1992(02)LCX0083

BEFORE THE CEGAT, SPECIAL BENCH ‘C’, NEW DELHI

S/Shri G.P. Agarwal, Member (J) and N.K. Bajpai, Member (T)

LML FIBRES

Versus

COLLECTOR OF CUSTOMS

Order No. 48/92-C, dated 24-2-1992 in C/A-No. 2118/90-C

Advocated By: Shri R. Santhanam, Advocate, for the Appellants.

Smt. Ananta Ray, SDR, for the Respondents.

[Order per : N.K. Bajpai, Member (T)]. - This is an appeal against the orders of the lower authorities rejecting the claim of the appellants for reassessment and consequential refund of duty on a grinding set imported by them and assessed to duty under sub-heading 4016.93 as “Gaskets, Washers and other seals”. The appellant claimed re-assessment under Tariff Heading 98.06 read with Heading 8474.20 and the benefit of exemption under Notification 69/87-Cus., dated 1-3-1987 on the ground that this was classifiable as crushing and grinding machines and, being parts of such machines, they were entitled to the exemption under the notification. Both the authorities have denied the exemption on the ground that being parts of general use they are not eligible for this classification in terms of Note 7(d) of Chapter 98 as defined in Note 2 to Section XV and were also excluded from Notification 257/88-Cus., dated 21-9-1988. Collector (Appeals) has taken the further view that they cannot be assessed under Section 19 of the Customs Act because itemwise value of the goods were not available at the time of import and any subsequent amendment in the Bill of Entry is not permissible under Section 149 ibid.

2. The appellants have submitted that the previous import of the same goods was assessed in the same Custom House as now claimed by them and on the basis of the technical literature and write up there was no reason for the authorities to take a different view. The violation of the principles of natural justice is not having granted hearing before rejecting the claim for re-assessment has also been cited in the appeal.

3. Shri R. Santhanam, the learned Counsel for the appellants submitted that grinding set cannot be broken up into parts and was imported only for replacement. It could not therefore be treated as one of general use.

4. Smt. Ananya Ray, learned SDR submitted that sub-heading 8474.20 was not available because the machinery in which the griding set is used has been described in the suppliers’ invoice as “Spares for Polymerisation Chips Manufacturing Plant” and such a plant was outside the scope of the sub-heading. She also submitted that in view of the provisions of Section 19(b) of the Customs Act and Rule 3 ‘of the Rules for the interpretation of the Customs Tariff, composite goods consisting of different materials or made up of different components and goods put up in sets for retail sales have to be classified as if they consisted of the material or component which gives them their essential character.
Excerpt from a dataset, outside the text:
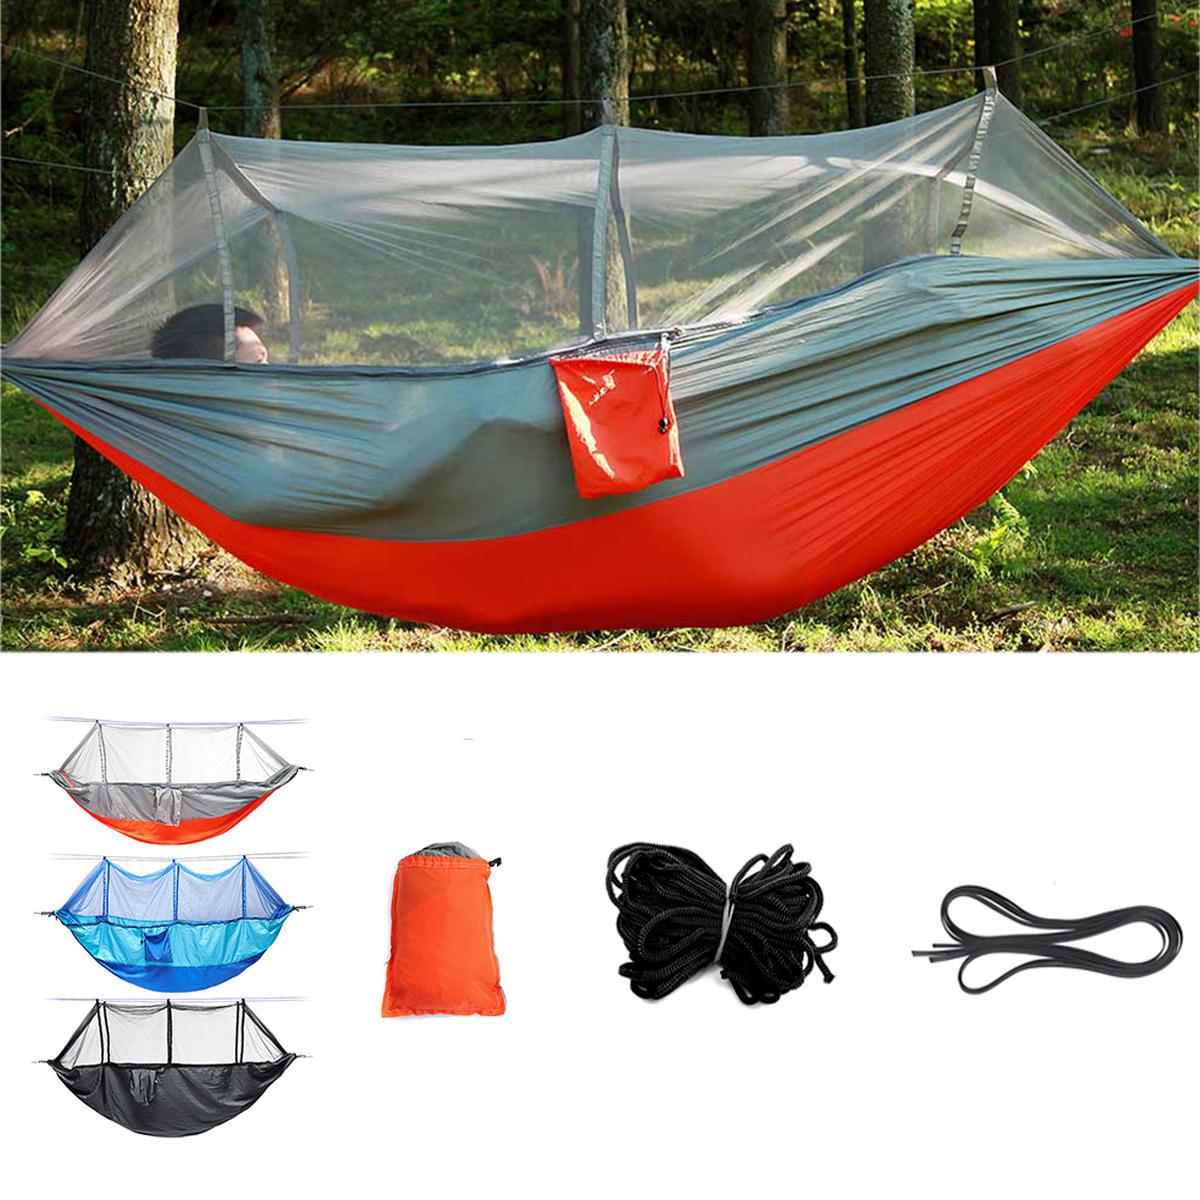 Outdoor Çift 2 Kişi Hamak Kampçılık Çadır Asılı Salıncak Yatağı Cibinlik

She submitted that since ‘O’ ring is made of rubber, it is this article which gives the essential character to the goods and, therefore, the classification under sub-heading 40.16.93 was fully justified.

5. We have carefully considered the appeal, the submissions made at the hearing and have perused the case records. It is true that a previous import of the subject goods was classified under sub-heading 98.06 read with 8474.20 with benefit of exemption Notification 69/87-Cus., dated 1-3-1987. But, since the question of classification is now before us, we have to decide it correctly. It appears that there is a specific heading for general purpose crushing and grinding machines in sub-heading 8479.82. Heading 84.79 relates to Machines and Mechanical Appliances having individual functions not specified or included elsewhere in Chapter 84 and sub-heading 8479.82 refers to crushing and grinding machines. In the face of a specific heading for the goods available in the Tariff, there is no reason why one should take recourse to Section 19 and other provisions. The Alphabetical Index to the HSN also shown on page 432 that general purpose crushing and grinding machines not elsewhere specified or included fall under sub-heading 8479.82. Since the goods imported are grinding set which is not a complete machine, their reassessment has been claimed as “Parts of machinery and articles of Chapter 84" under sub-heading 98.06. The machine itself being classifiable under sub-heading 84.79.82, its parts are rightly classifiable under 9806.00 read with this sub-heading. The further claim in the appeal is for exemption under Notification 69/87-Cus., dated 1-3-1987. We observe that this notification exempts parts falling under Heading 98.06 of the goods specified, inter alia, under Heading 84.79 (refer to serial No. 19 of the Table appended to the notification). Thus, the subject goods which merit classification under sub-heading 9806.00 read with sub-heading 8479.82 are entitled to exemption under Notification 69/87-Cus., dated 1-3-1987. The orders of the lower authorities are set aside and the appeal is allowed as indicated here, with consequential relief.